Feature
Operasi Penyelamatan yang Berakhir dengan Tragis dan Ironi

Oleh: Lutfi Awaludin Basori
Dalam gelapnya malam setahun lalu, deru langkah pasukan khusus Israel menggema di lorong sempit sebuah gedung di tengah kawasan konflik. Mata mereka penuh kewaspadaan, tangan menggenggam senjata erat, hati mereka diliputi harapan besar. Mereka berada di sana untuk menyelamatkan Noa Argamani, seorang perempuan muda yang telah menjadi simbol ketabahan setelah ia diculik oleh kelompok perlawanan. Informasi intelijen yang mereka terima jelas: Noa disekap di dalam gedung itu.

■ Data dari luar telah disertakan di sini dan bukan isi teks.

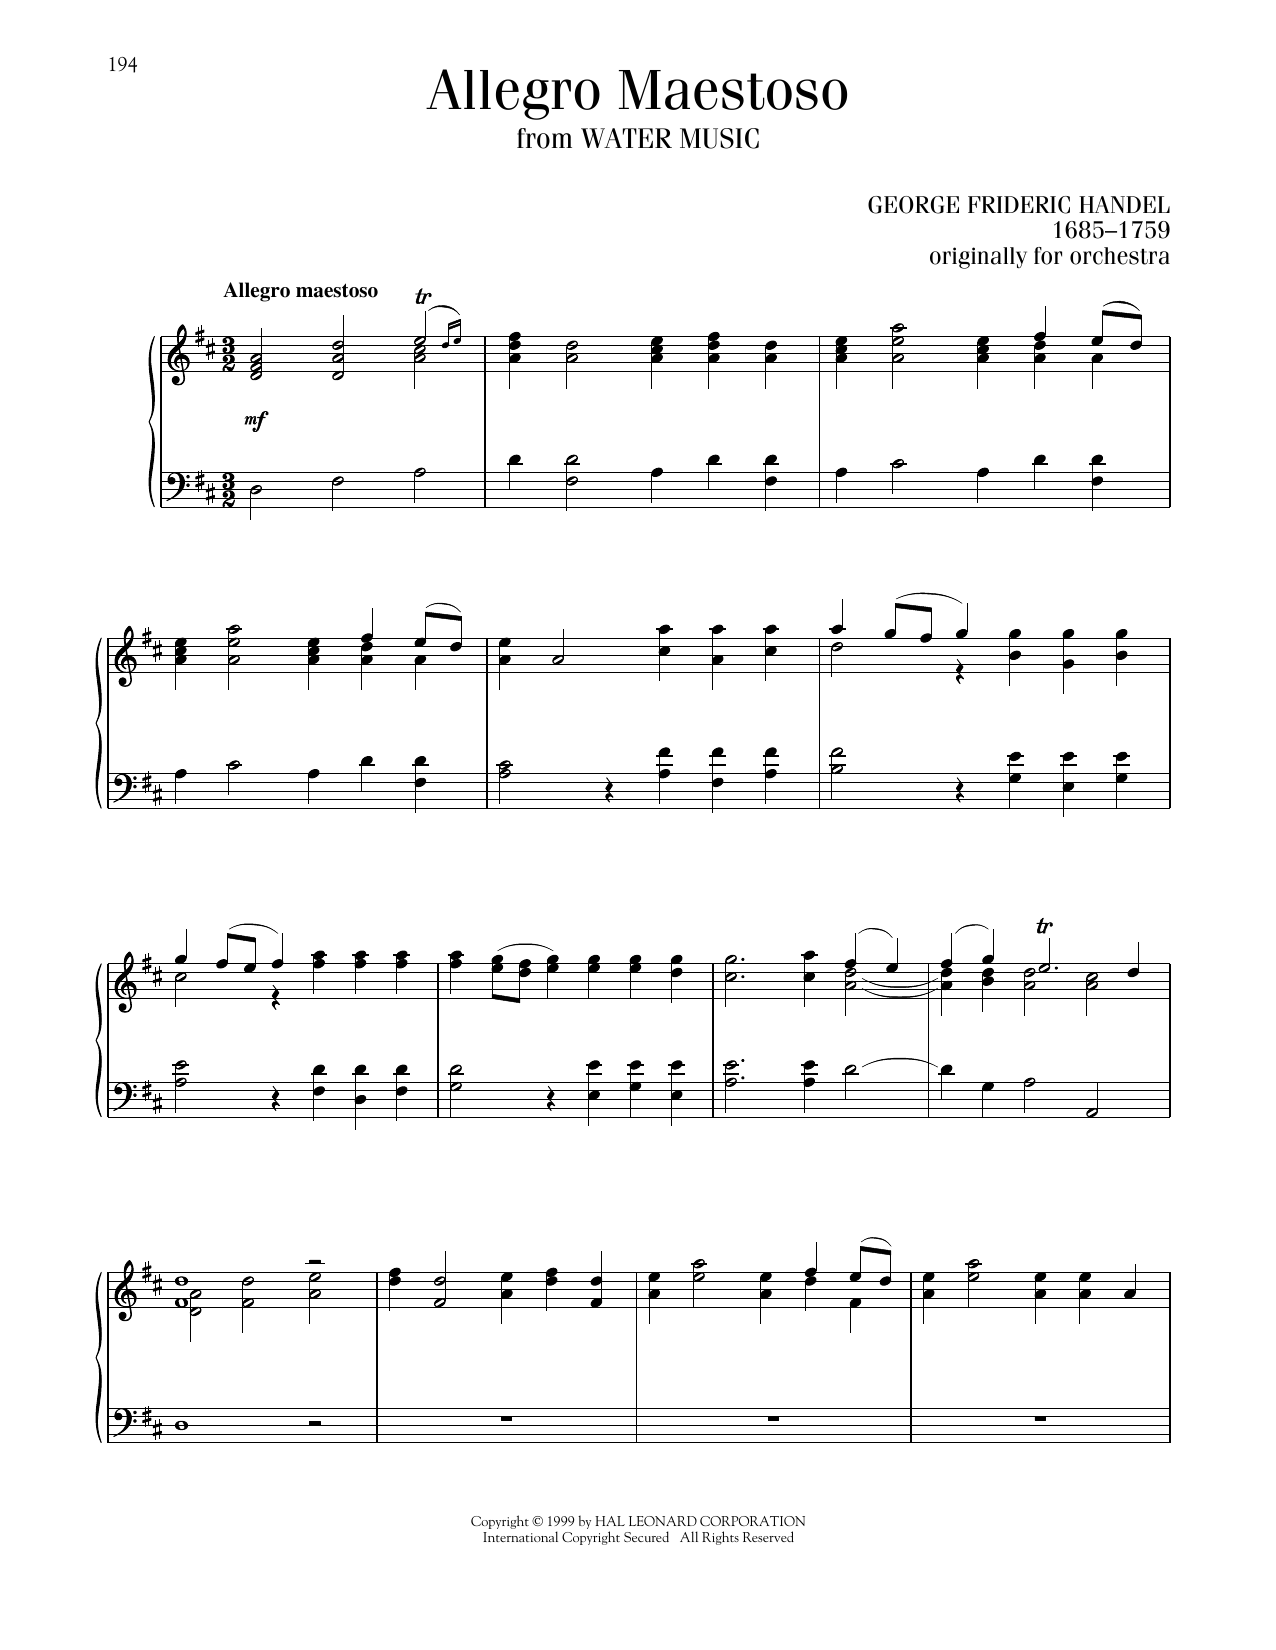 George Frideric Handel Allegro Maestoso sheet music notes printable PDF score

Namun, kenyataan kadang tak seindah harapan.
Begitu pintu gedung didobrak, rentetan tembakan meledak dari arah yang tak terduga. Pasukan khusus Israel itu seketika terjebak dalam baku tembak sengit. Dinding-dinding gedung bergetar, serpihan beton berhamburan, dan udara dipenuhi bau mesiu. Operasi penyelamatan itu mendadak berubah menjadi misi penyelamatan untuk para prajurit itu sendiri. Beberapa anggota pasukan terluka parah. Dengan sisa kekuatan, mereka berusaha menarik rekan-rekan mereka keluar dari neraka itu.
Selama berjam-jam mereka berjuang, bersembunyi, dan menembus ancaman di setiap sudut. Namun, ketika akhirnya mereka berhasil keluar dari lokasi, berita yang mereka terima dari unit intelijen militer (AMAN) menghancurkan semangat yang tersisa. Orang yang berada di dalam gedung itu bukanlah Noa Argamani. Sosok yang mereka temukan di tengah hujan peluru adalah Sa’ar Baruch, seorang pria yang diculik dari rumahnya di Be’eri.

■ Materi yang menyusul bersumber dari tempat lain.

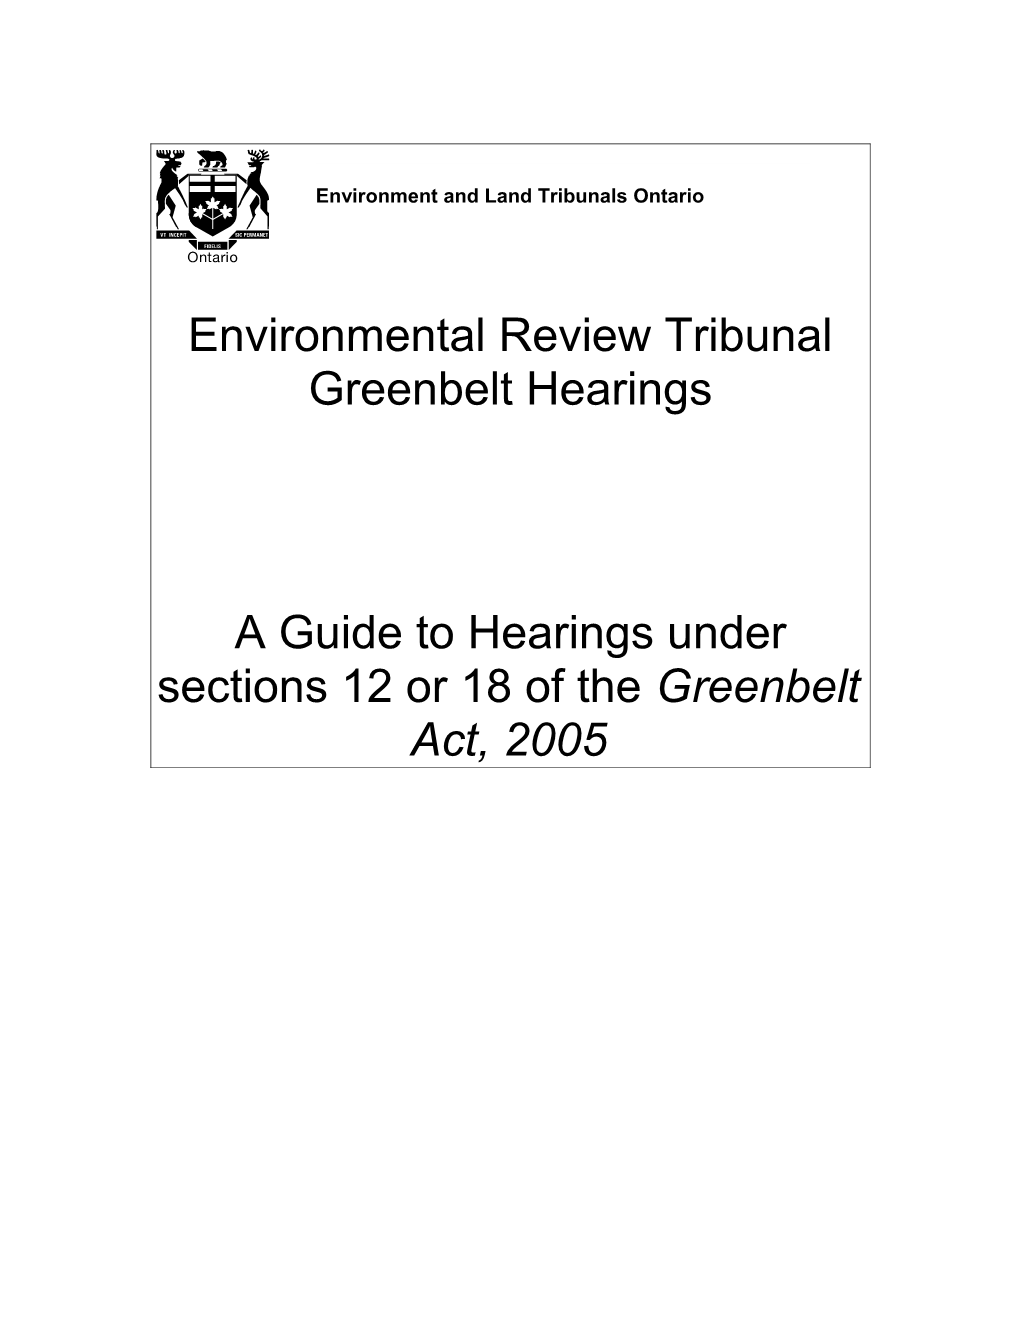 Environmental Review Tribunalgreenbelt Hearings

Ironi semakin dalam ketika tubuh Sa’ar ditemukan dengan luka tembak di kepala. Hingga kini, tak ada yang tahu pasti apakah ia tewas akibat peluru dari pihak perlawanan atau secara tragis terkena tembakan salah sasaran dari pasukan penyelamat.
Di layar televisi, keluarga Sa’ar berbicara dengan suara bergetar. Kepada Channel 12, mereka mengatakan, “Tekanan militer seperti ini bisa mengakibatkan kematian sandera. Kami hanya berharap tidak ada lagi kematian seperti ini, dan semua sandera bisa pulang secepatnya melalui kesepakatan damai.”

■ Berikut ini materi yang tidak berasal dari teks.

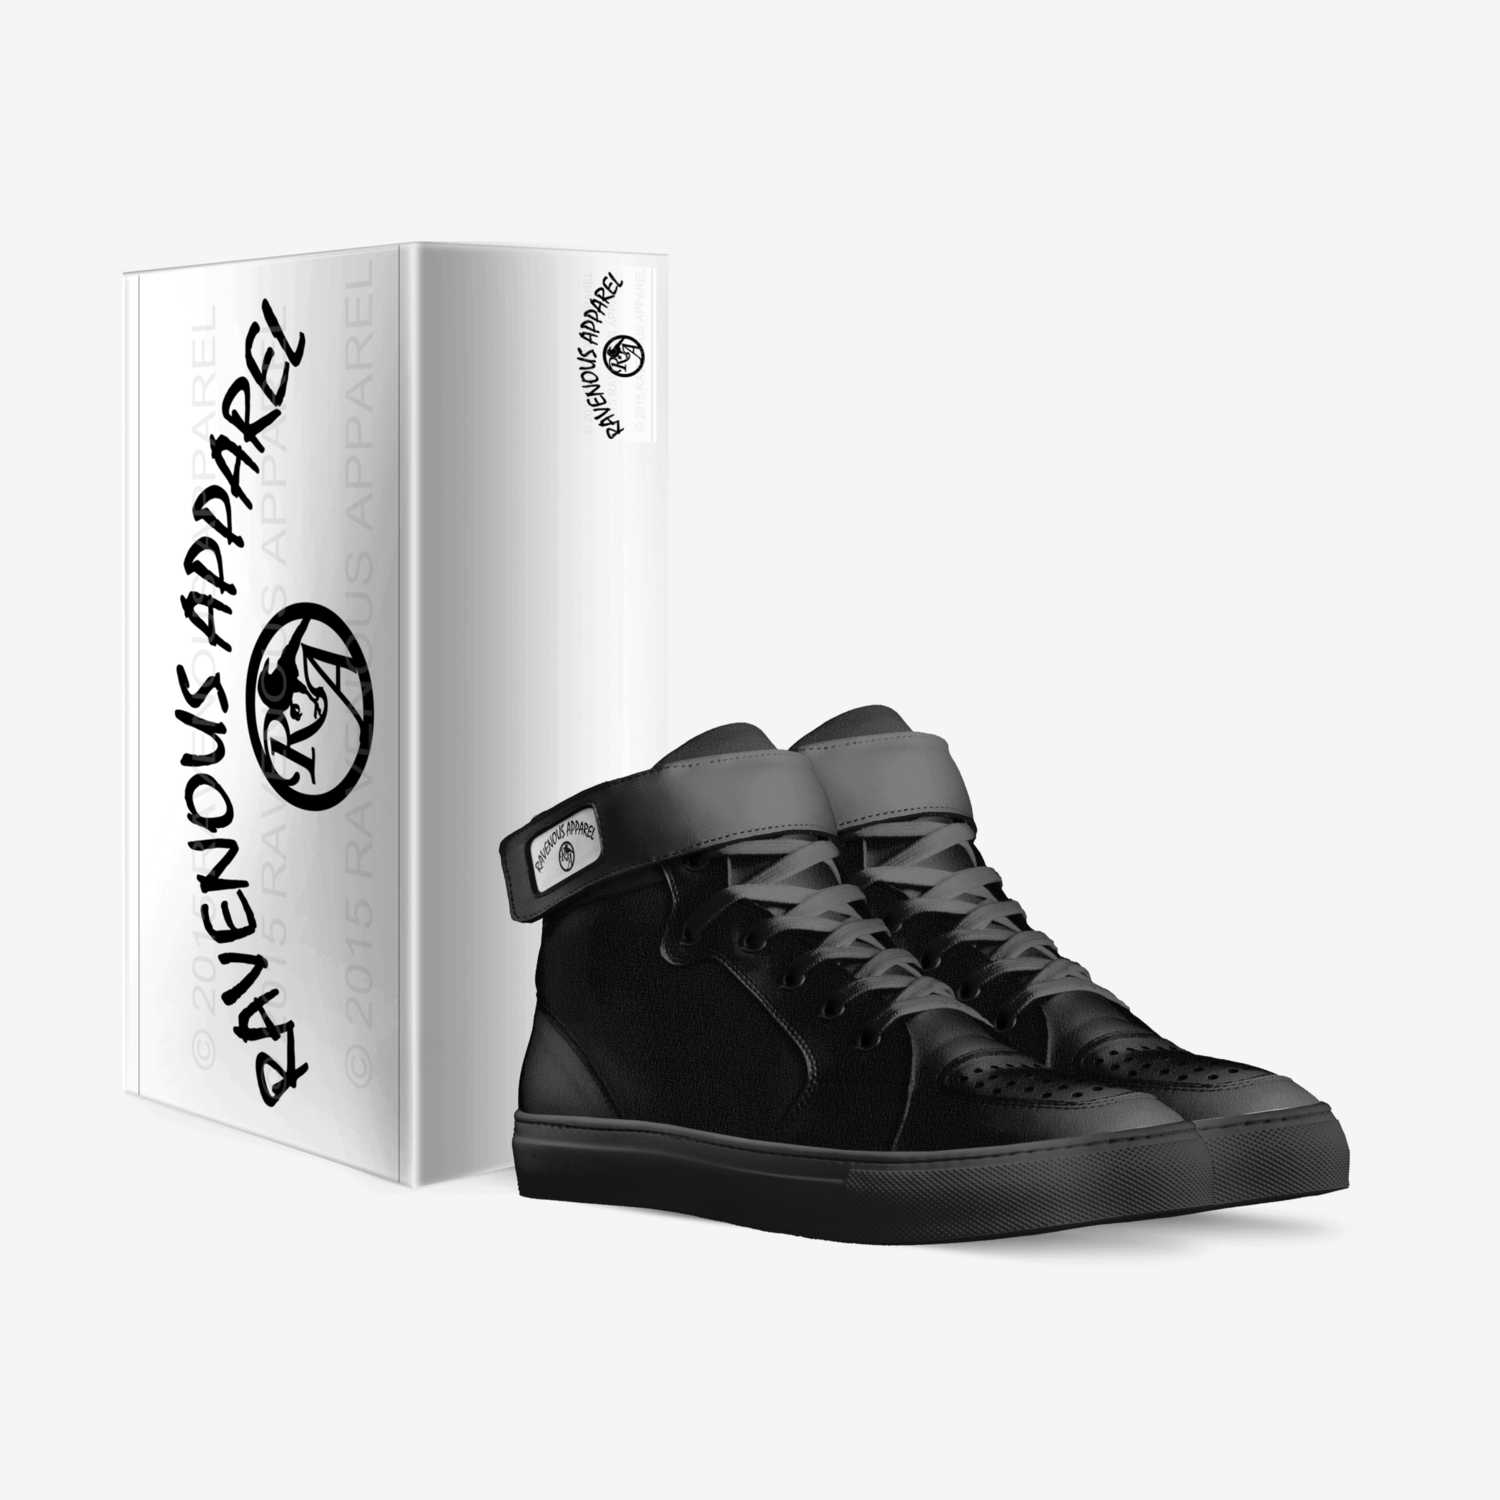 RaveBlacks custom made in Italy shoes by Thomas Rodriguez | Box view

Pernyataan mereka mencerminkan rasa kehilangan mendalam sekaligus kritik terhadap pendekatan militer yang terlalu berisiko. Sa’ar Baruch, yang seharusnya bisa diselamatkan, menjadi korban dari sebuah tragedi yang berakar pada kesalahan intelijen Israel.
Misi penyelamatan ini mengungkap kompleksitas operasi militer di tengah konflik yang penuh ketegangan. Harapan besar bisa menyelamatkan nyawa sering kali harus berbenturan dengan kenyataan pahit di lapangan. Kisah ini menjadi pengingat bahwa di balik setiap keputusan taktis, ada kehidupan yang dipertaruhkan—dan tak semua keputusan berakhir dengan kemenangan.
Bagi para prajurit yang terlibat, luka fisik mungkin sembuh, tetapi bayangan tentang malam itu akan terus menghantui. Bagi keluarga Sa’ar, pertanyaan tentang apa yang sebenarnya terjadi di dalam gedung itu mungkin tak akan pernah terjawab sepenuhnya. Dan bagi kita yang menyaksikan dari jauh, ini adalah cerita tentang harapan yang berubah menjadi ironi tragis, mengingatkan bahwa perang tak pernah benar-benar membawa kemenangan, hanya meninggalkan jejak duka.